Depois de muitas dúvidas, porque todos os livros do autor têm títulos e premissas atraentes, escolhi três livros para começar a aproximação - infelizmente não é possível ler ou ter toda a bibliografia de uma só vez ou imergir nas obras de todos os autores que parecem interessantes.
A Boneca de Kokoschka será lido em agosto, mas os outros dois foram lentamente devorados e antropofagicamente se transformaram em parte do eu.

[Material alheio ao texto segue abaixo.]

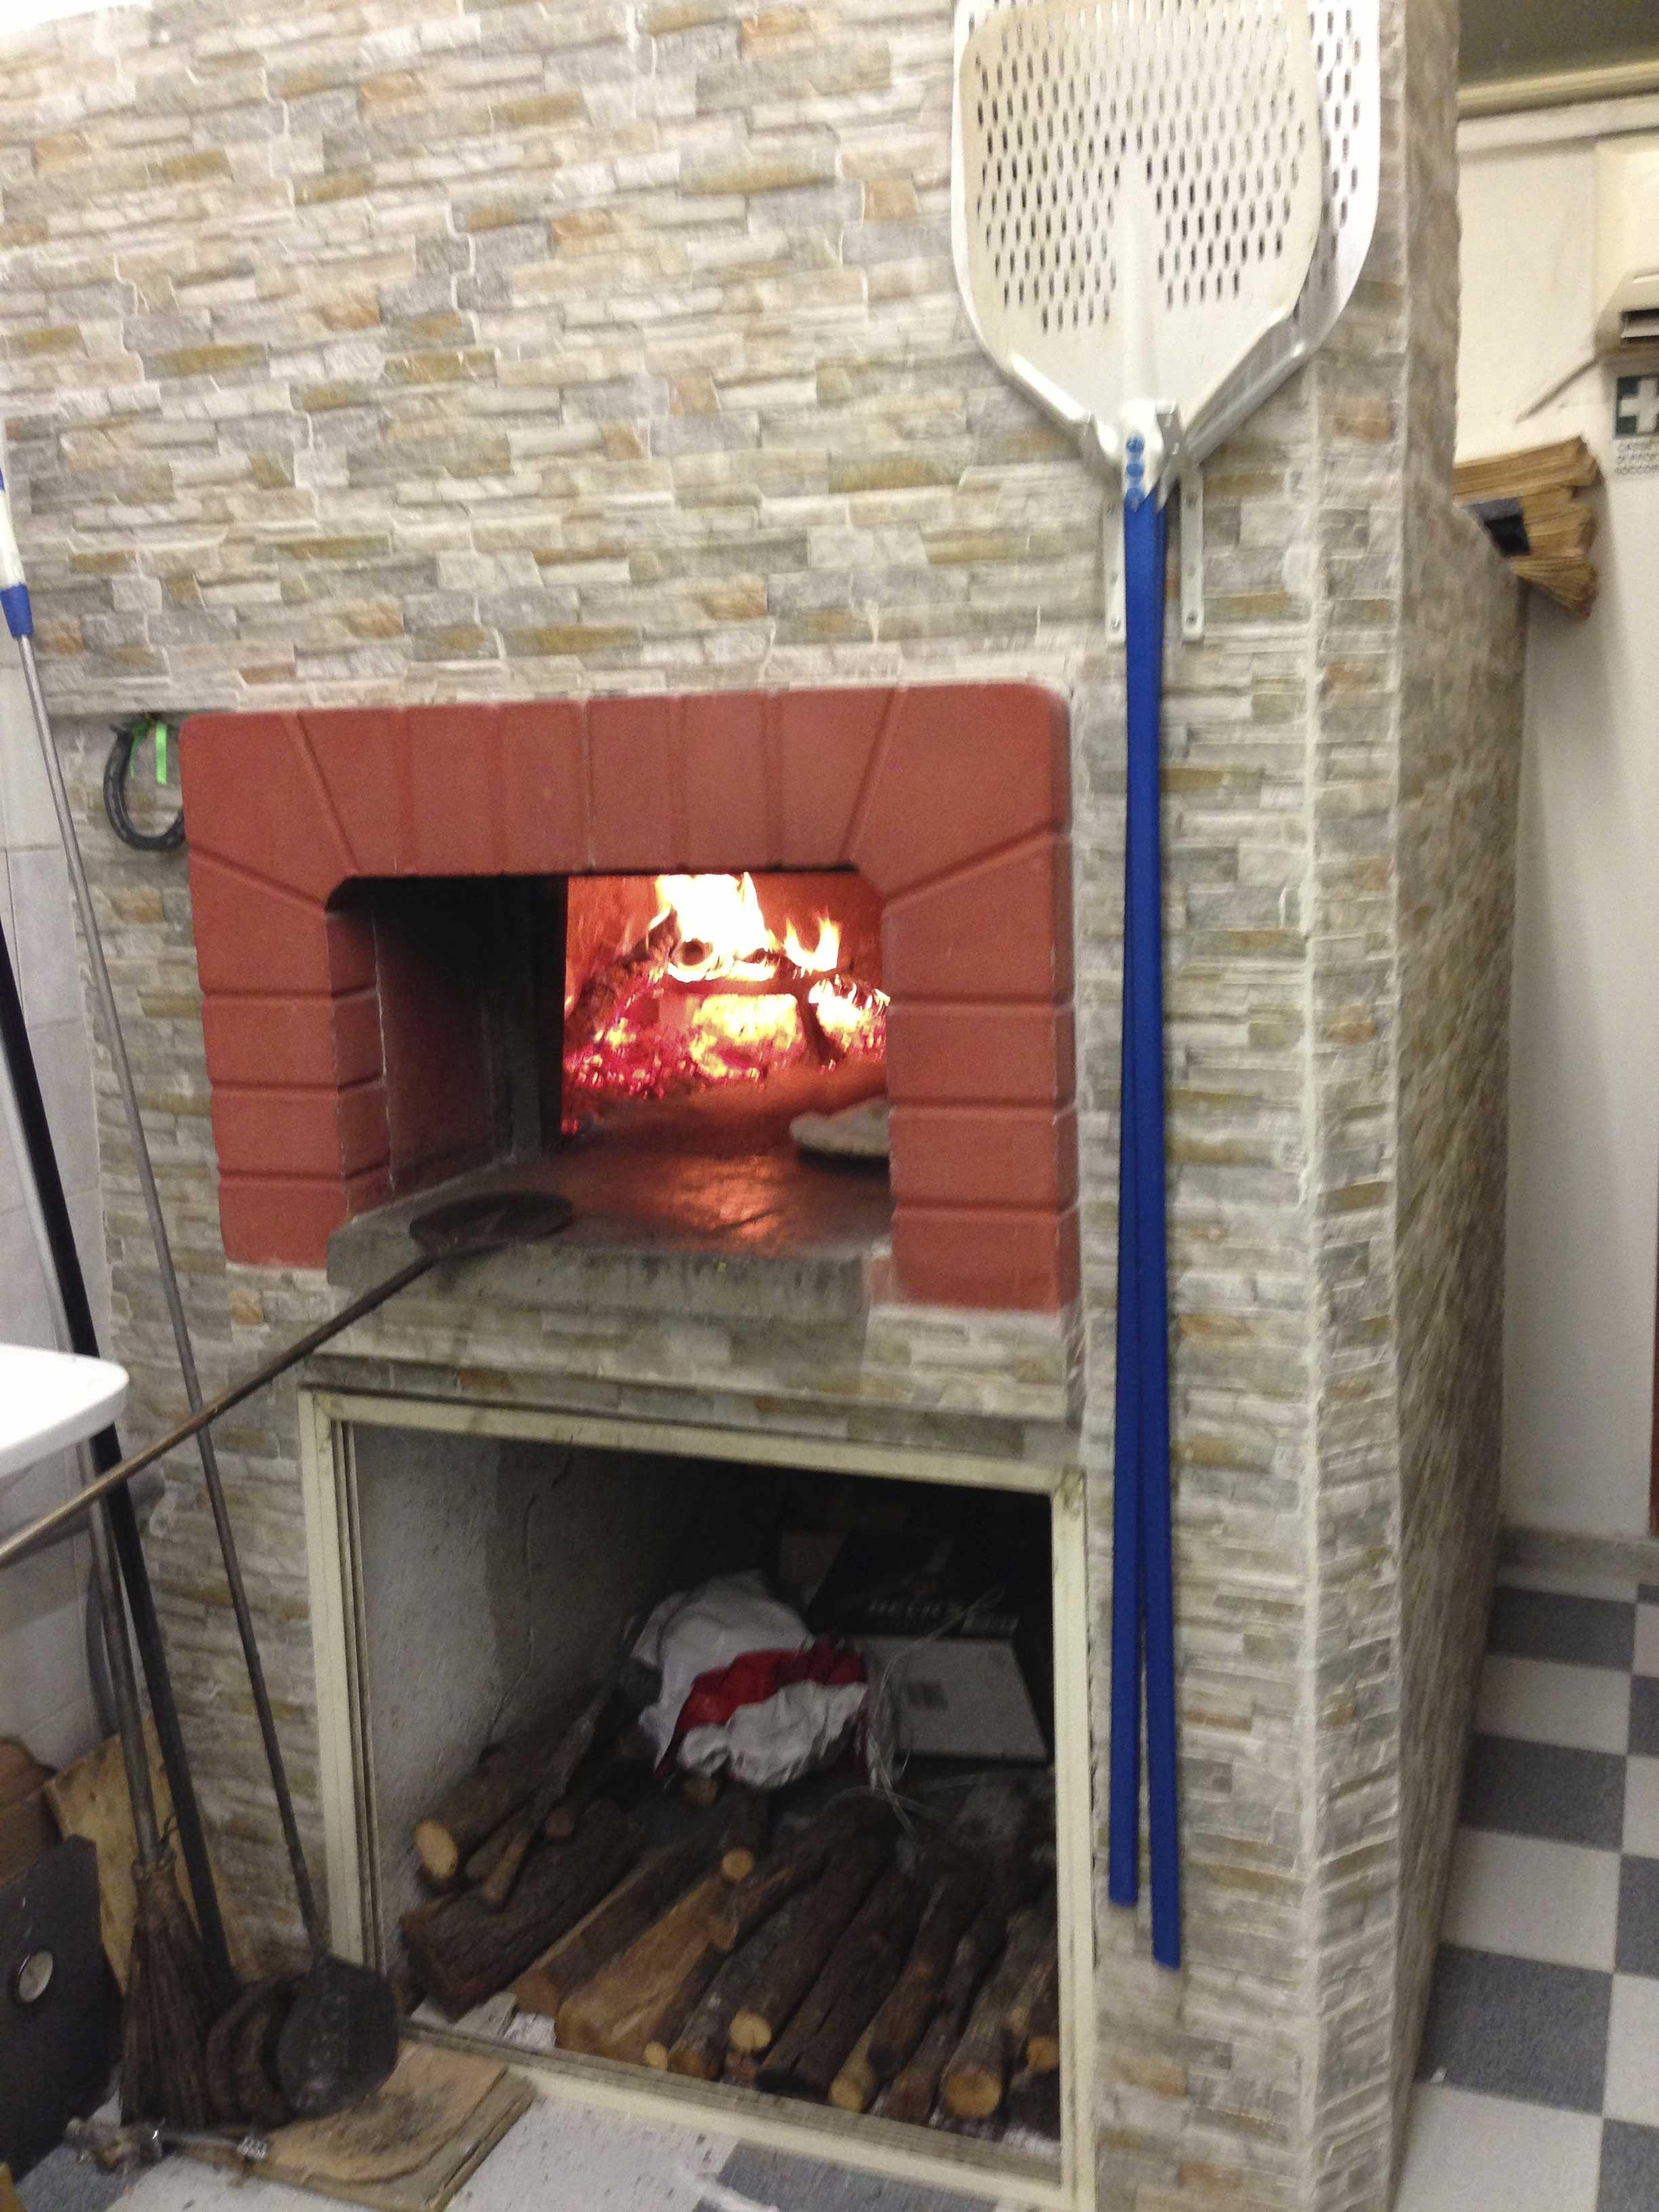 Zio Ciro Wood Fired Oven For Pizza Zio Ciro Italian Wood

O Livro do Ano, que é um livro lindo, lindo, lindo (sim, três vezes lindo), foi escrito e ilustrado pelo autor. E, embora seja preto, com algumas páginas negras e capa dura, é um livro feito de luz, porque é leve. Nele, Afonso Cruz escreveu e desenhou a vida de uma menina perguntadeira, que volta os olhos curiosos para as relações humanas e para o mundo; que nos descreve, com breves frases poéticas, situações cotidianas e indagações.

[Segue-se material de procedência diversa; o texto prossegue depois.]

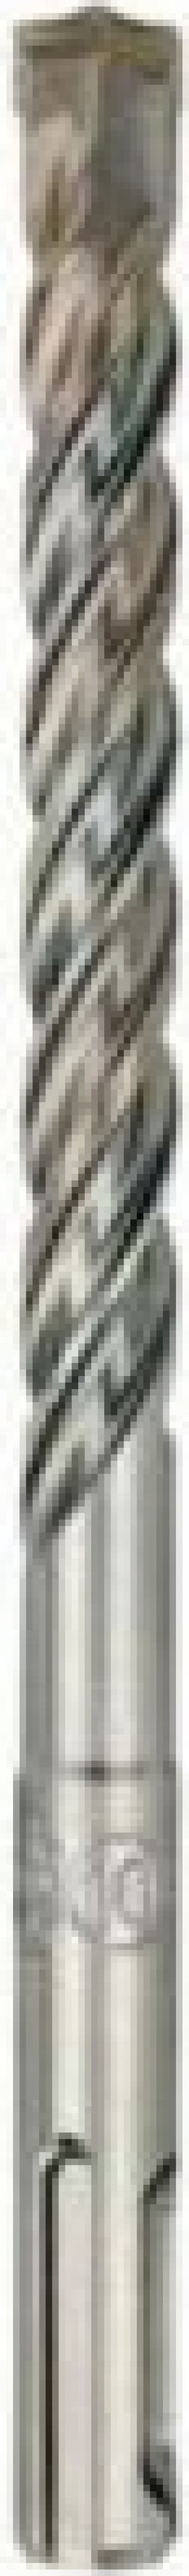 Burghiu SDS-plus EXTREME 2 4x100x150 mm Dewalt Accesorii masini de gaurit

O Livro do Ano é um daqueles livros que embonitam a estante, que são bons presentes para os que amamos e que, durante a leitura e as releituras, fazem ecoarem as dúvidas e acalantam o coração.
Durante a leitura das primeiras páginas de Jesus Cristo Bebia Cerveja percebi que tinha nas mãos um bom livro e senti que faria meus todos os elogios escritos pela Inês, mas estava enganada. O livro, que conta, entre outras histórias, a história de uma garota que vive com a avó adoecida que deseja conhecer a Terra Santa, é muito melhor do que eu ousaria imaginar.
Um dos personagens do livro me fez lembrar muito do Settembrini, de A Montanha Mágica, do Thomas Mann - que é um dos meus livros favoritos na vida - porque discursa em um tom semelhante e parece desejar ocupar um espaço parecido na trama. Não costumo me afeiçoar a personagens e, ainda que Settembrini seja um dos poucos pelos quais nutro afeto profundo, quase apego, não me senti inclinada a gostar mais de um personagem que dos outros porque muitos deles são igualmente surpreendentes, como são surpreendentes os caminhos e destinos das histórias contadas pelo autor.
Me senti angustiada, à beira das lágrimas, muitas vezes, durante a leitura; mas precisei conter o escândalo das gargalhadas três linhas depois. A criatividade do Afonso Cruz desconhece limites. Por isso, nas últimas páginas, já parecia natural encontrar palavras sobre religião, sobre a tristeza da morte e da decrepitude, sobre a nossa condição de abandono e um sermão sobre a importância das minhocas ou um avião de striptease, no mesmo livro.
Quando entrevistado, Afonso Cruz costuma responder sobre as muitas viagens que fez pelo mundo. Talvez a melhor das viagens aconteça no universo prodigioso que ele carrega consigo, e que, generosamente, transforma em livros que dão origem a outros mundos em nós.